Earlier, when asked about a possible political union, the brothers had said that this was a “purely personal matter and it should be kept away from the party issue”.

However, a senior BJP leader, who was present at Matoshree, said the two did not come together at any point.

“There was no camaraderie between them. In fact, all senior MNS leaders were sitting outside the bungalow near the police chowkie, while Sena leaders were sitting in the house on the ground floor. Raj would occasionally go out to meet and update them,” he said.

Another Sena functionary explained that there was a divided opinion on Uddhav and Raj coming together.
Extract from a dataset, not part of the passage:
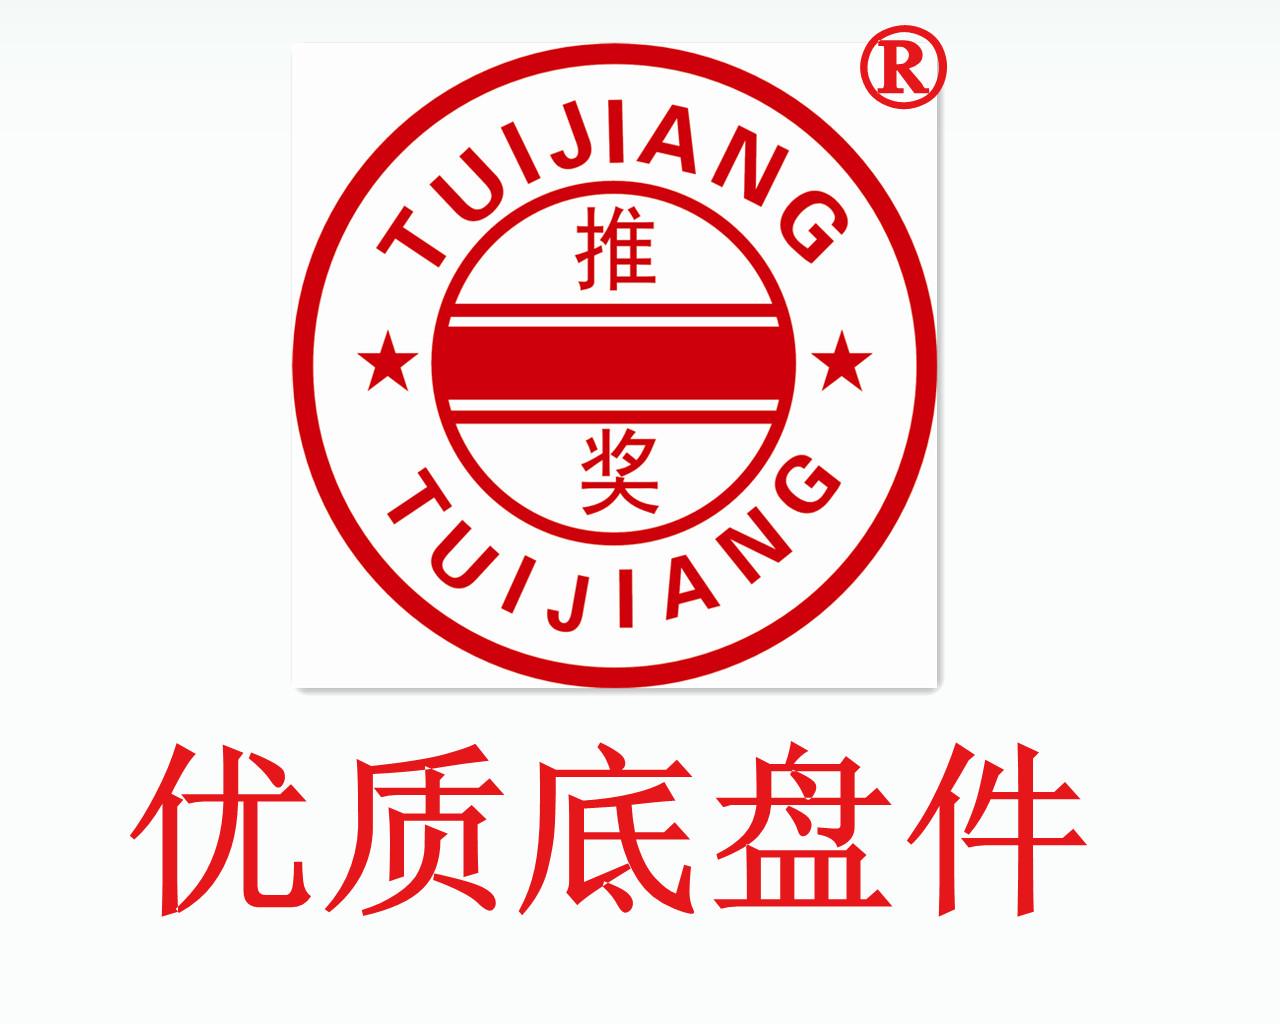 Kaiping City Hezhan Auto Parts Co., Ltd

“Sainiks close to Balasaheb think that they should join hands, whereas those close to Uddhav think Raj is a media manager who visiting his uncle only for hogging the limelight. And if Raj genuinely felt for his uncle, he would not have left the Sena,” he said.

Political analyst Surendra Jondhale said the two parties could not come together as one. “If the parties ever merge, the question of who will be the leader will remain. There can be an alliance for the 2014 elections with Sena and BJP, which might benefit both of them,” he said.